Exercise directions :: Copy exactly, and copy nothing else: the line that contains "In the abundance" and all lines after it in the listing, without pictures.

Dataset section ::
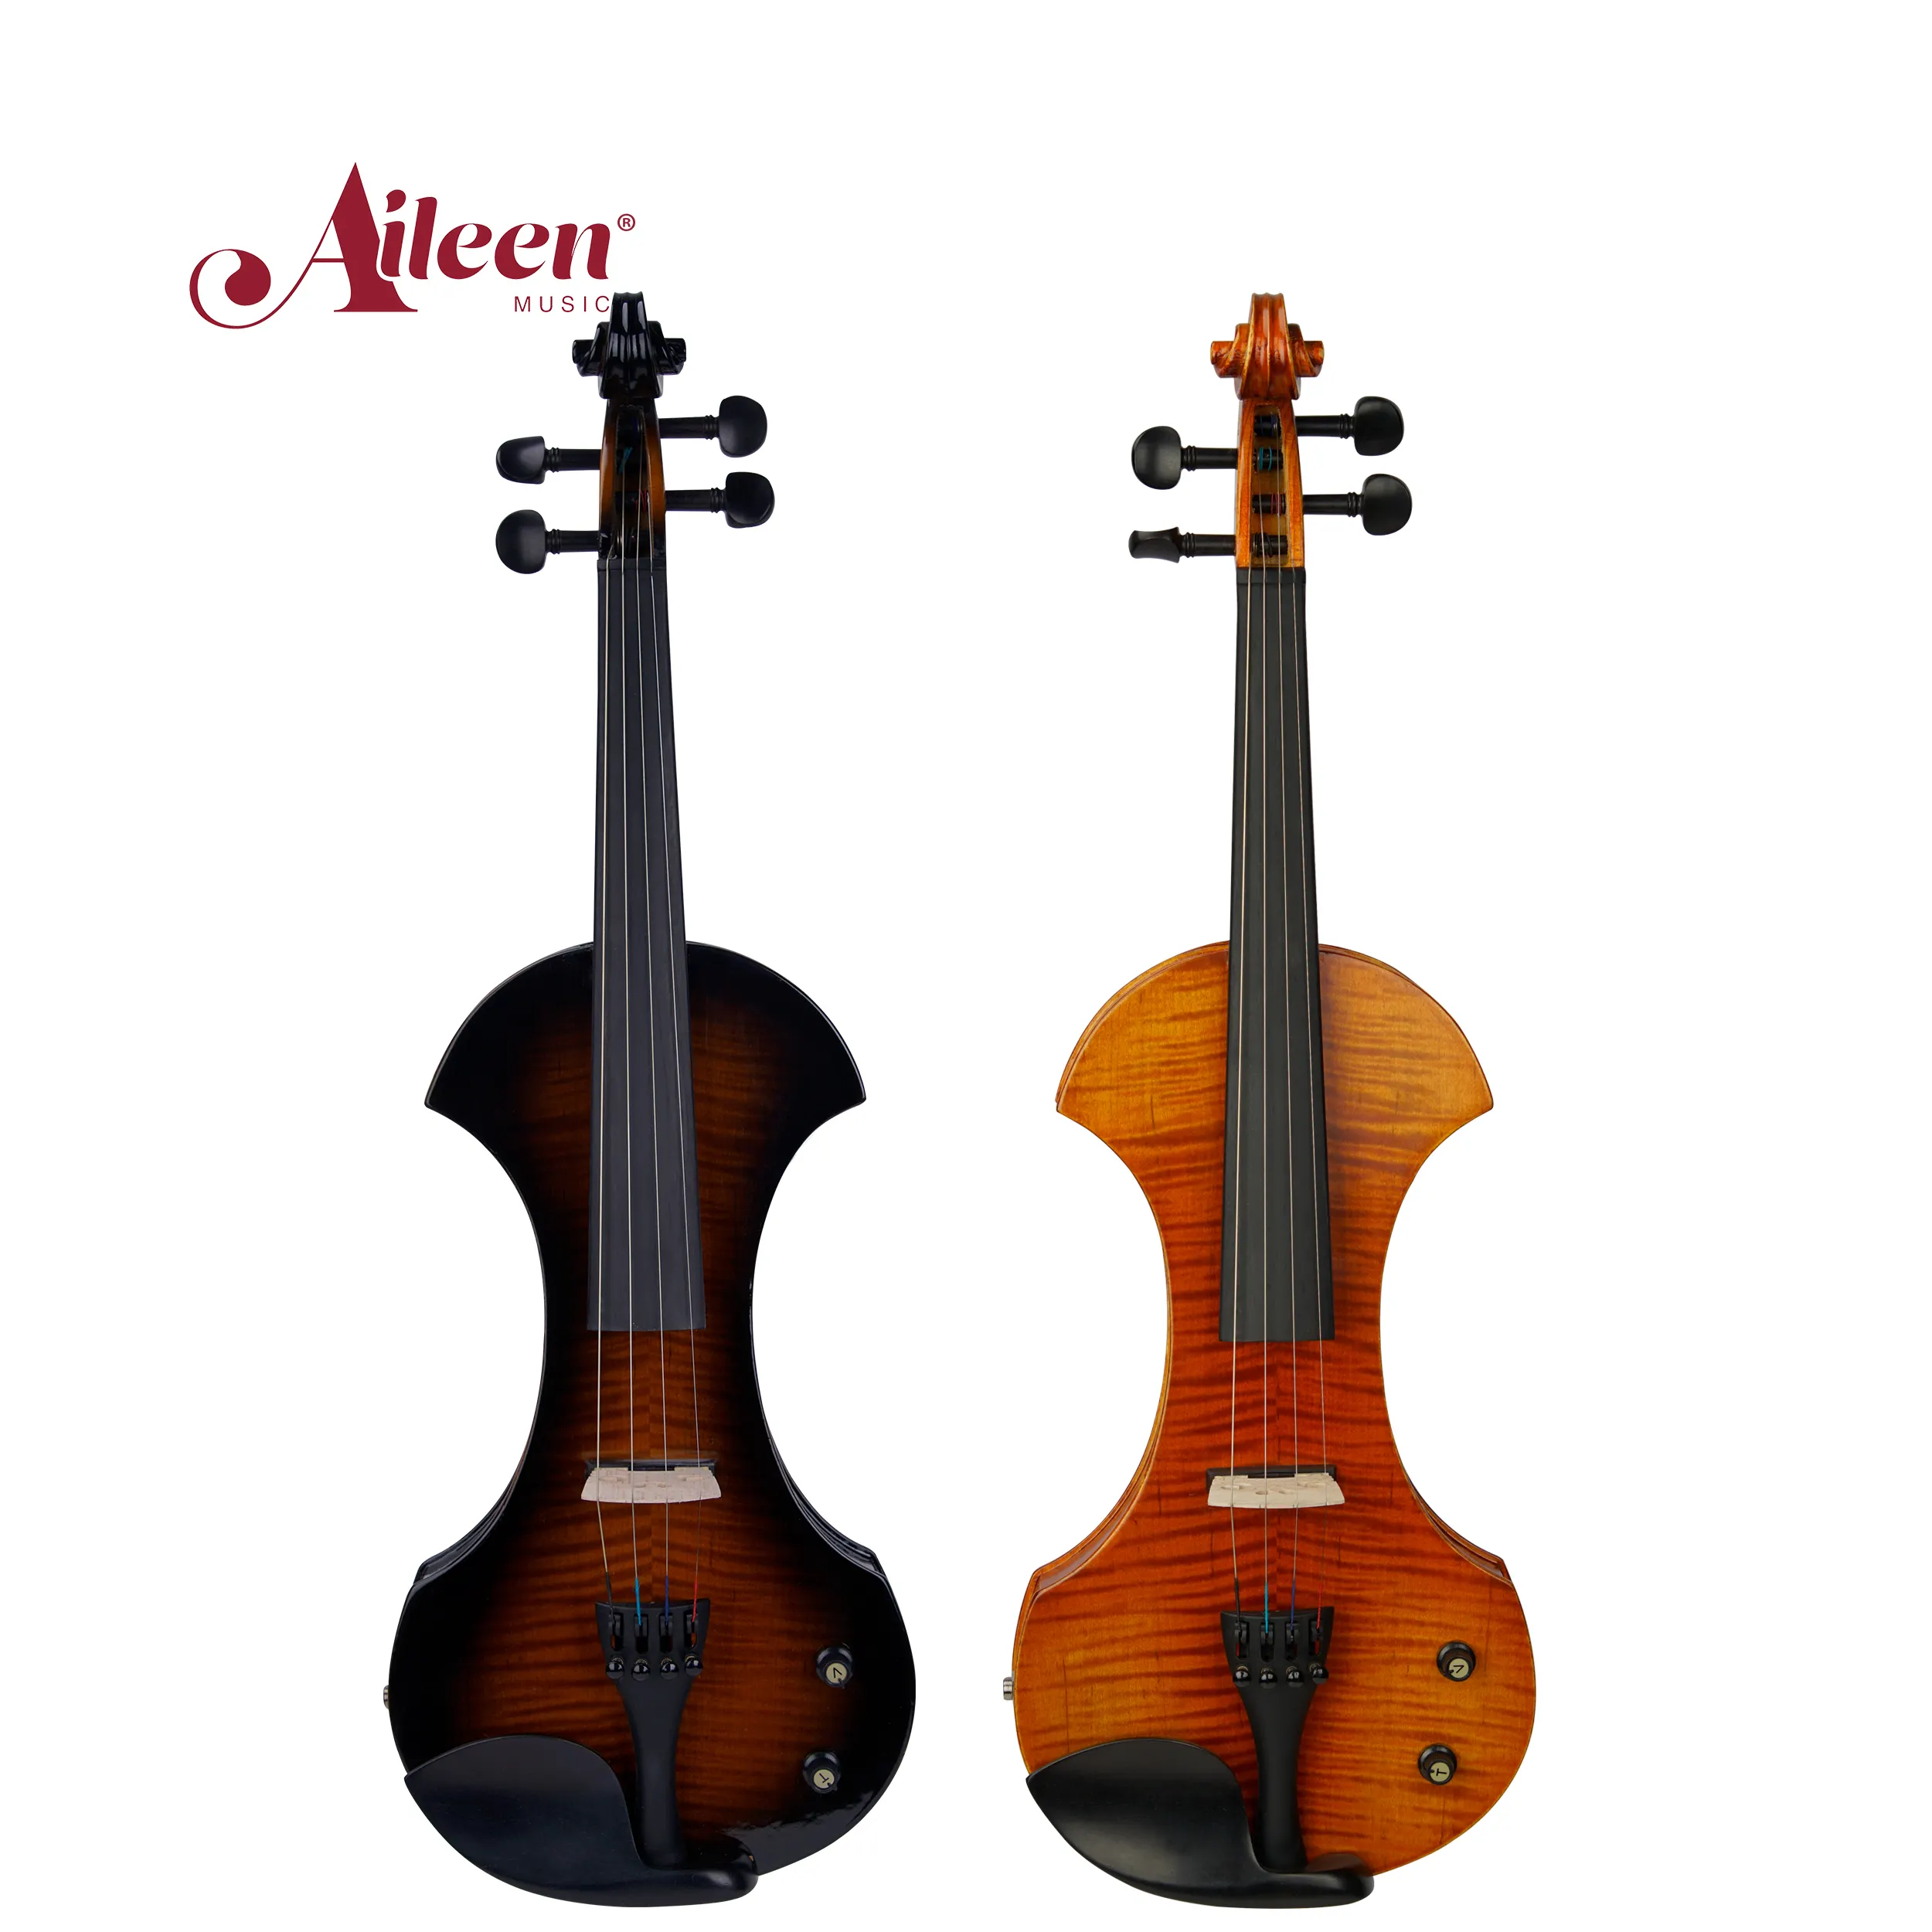 AileenMusic Customized Professional Electric Violin 4/4 Full Size linden with Brazilwood Bow VE502 
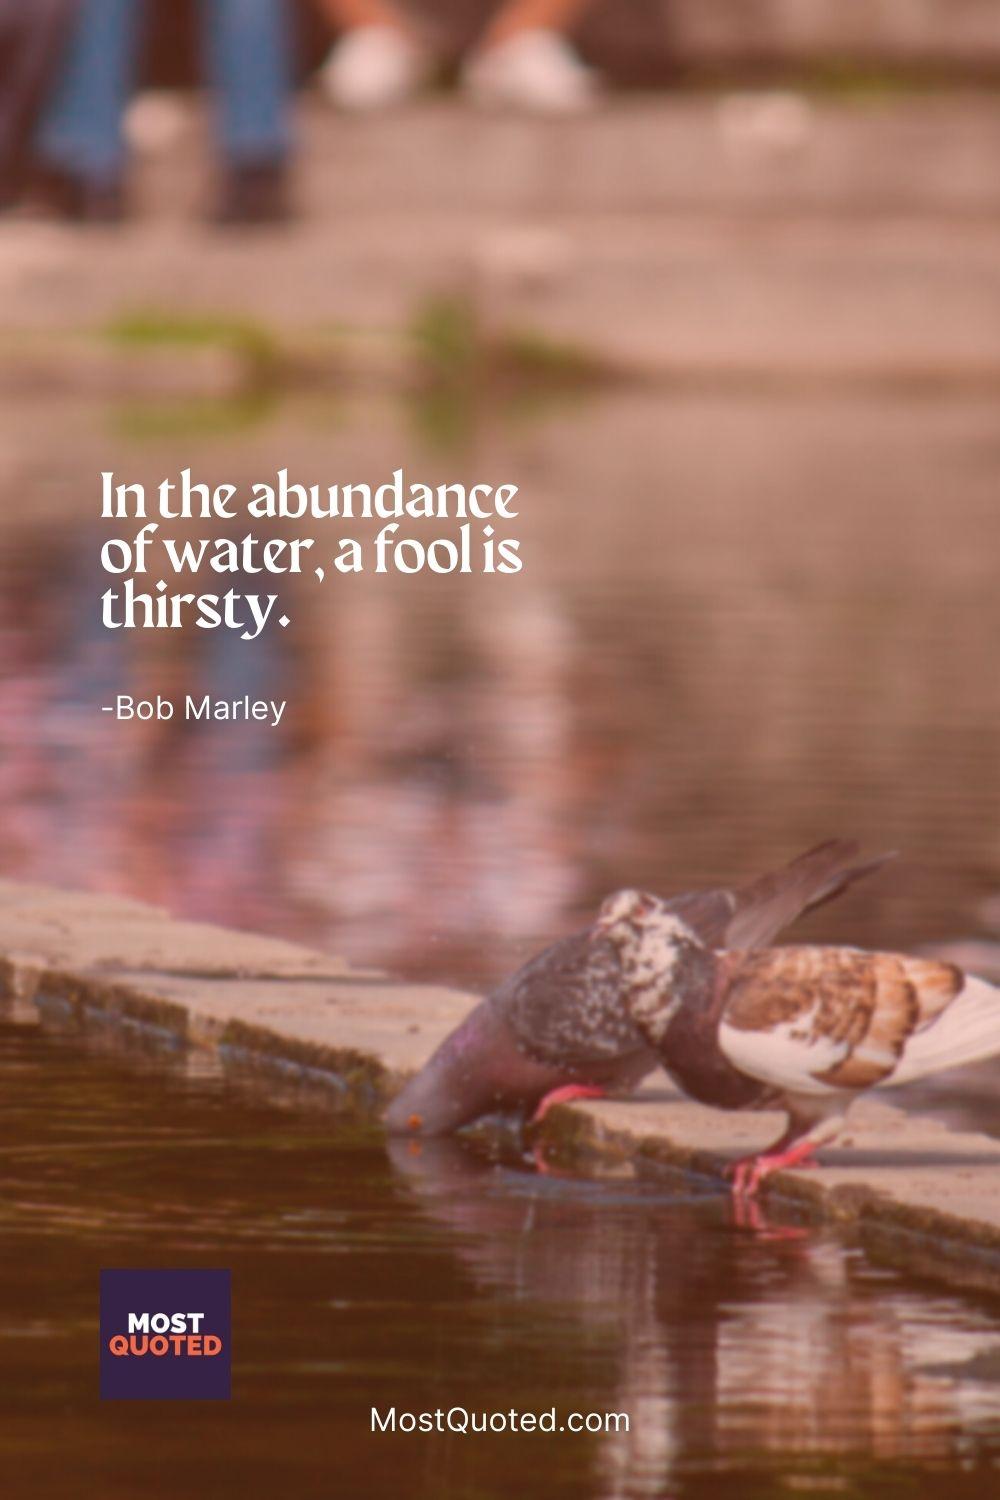 In the abundance of water, a fool is thirsty. - Bob Marley
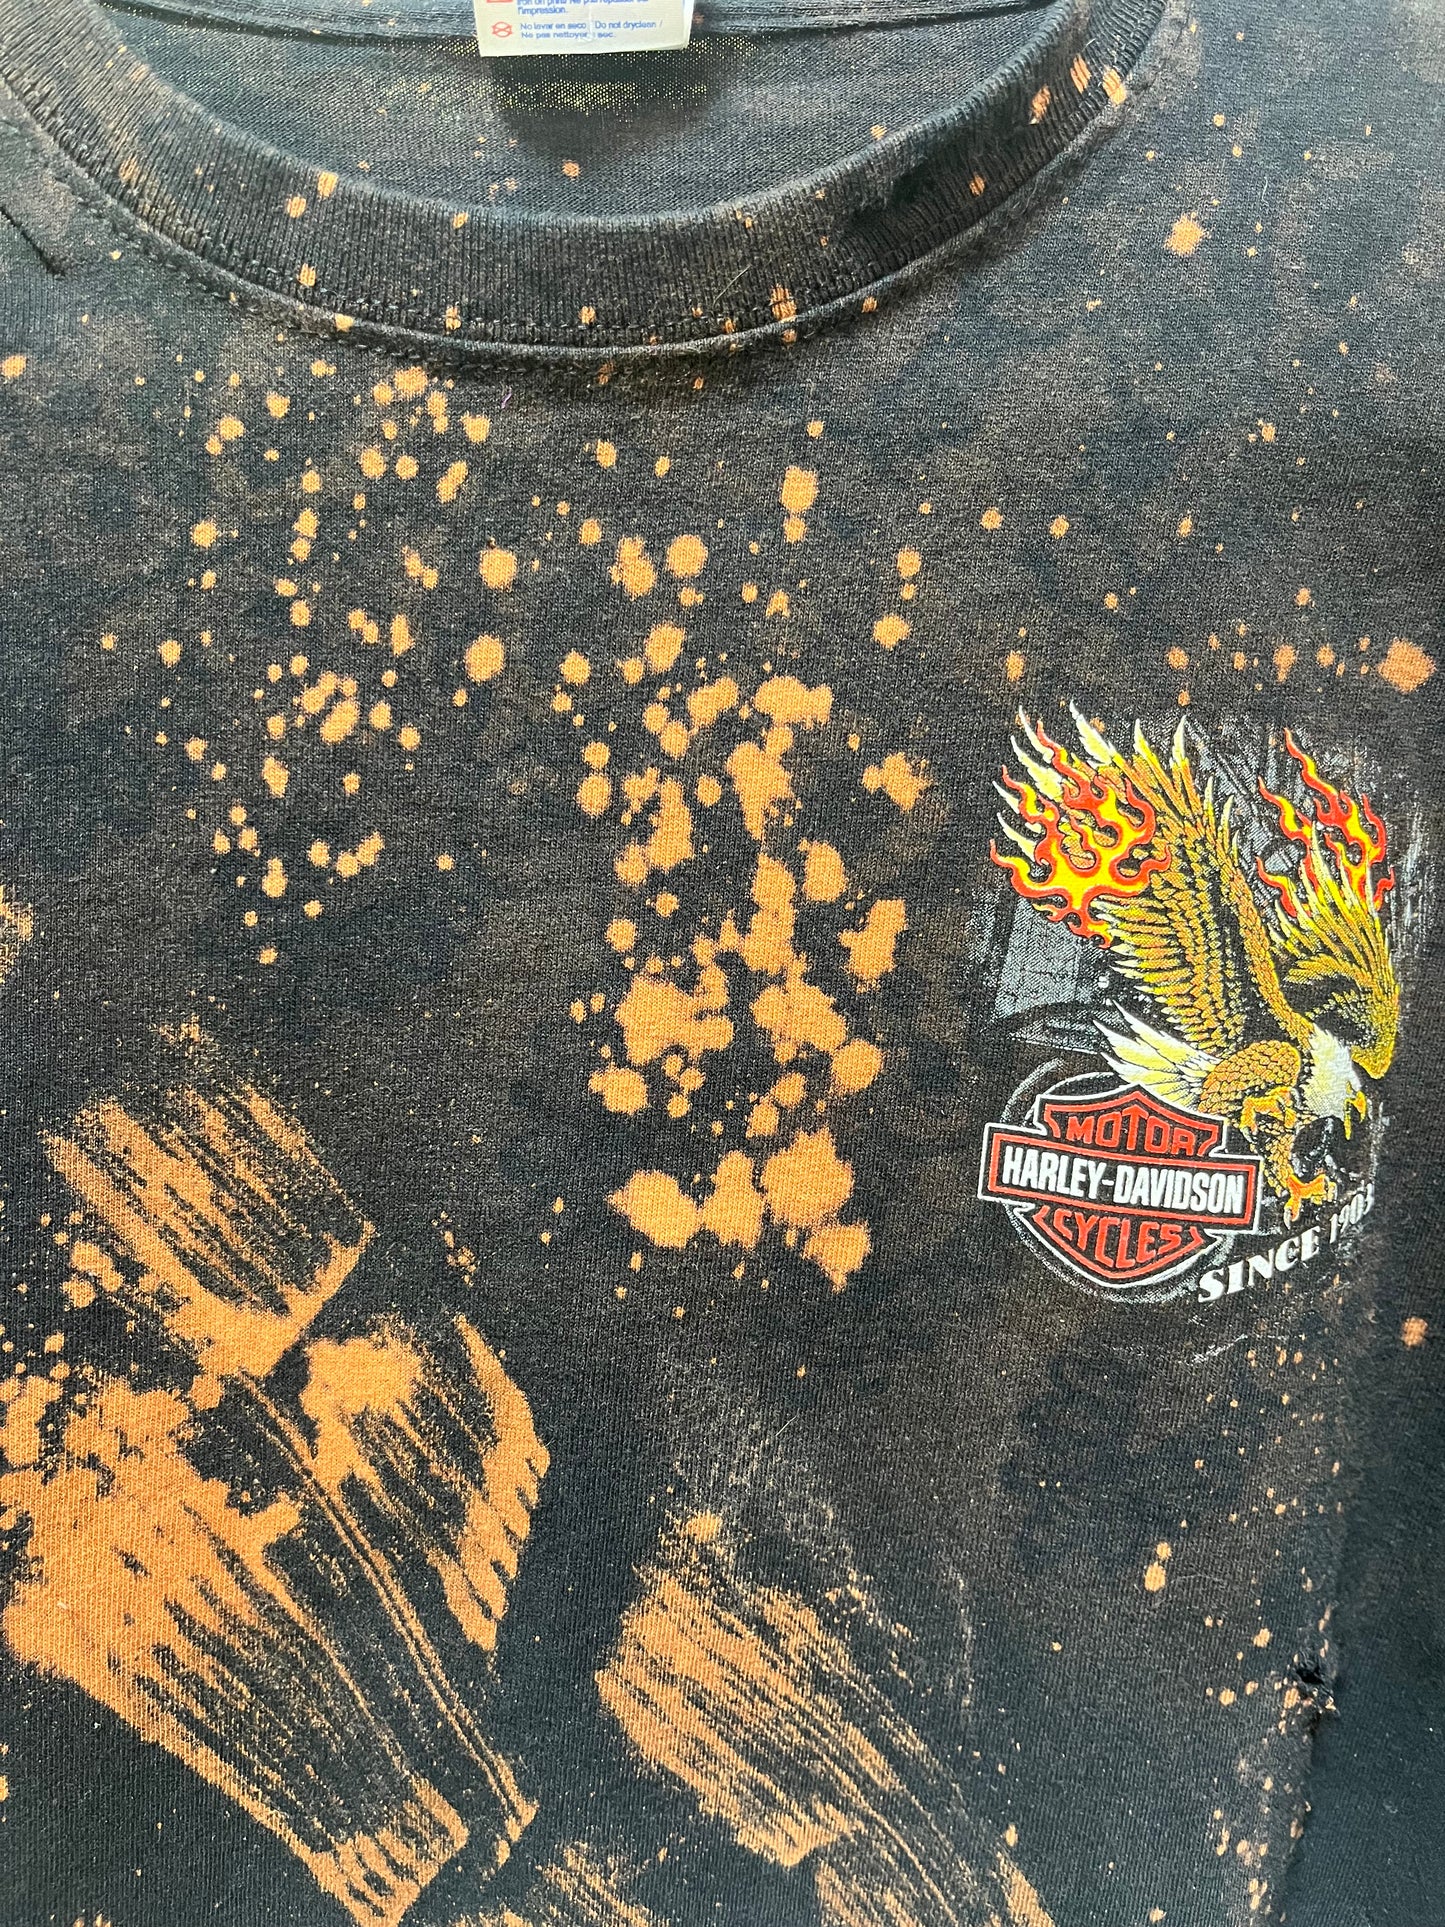 Vintage Harley Davidson Cropped Tee - MEXICO

Exercise response ::
 In the abundance of water, a fool is thirsty. - Bob Marley
 Vintage Harley Davidson Cropped Tee - MEXICO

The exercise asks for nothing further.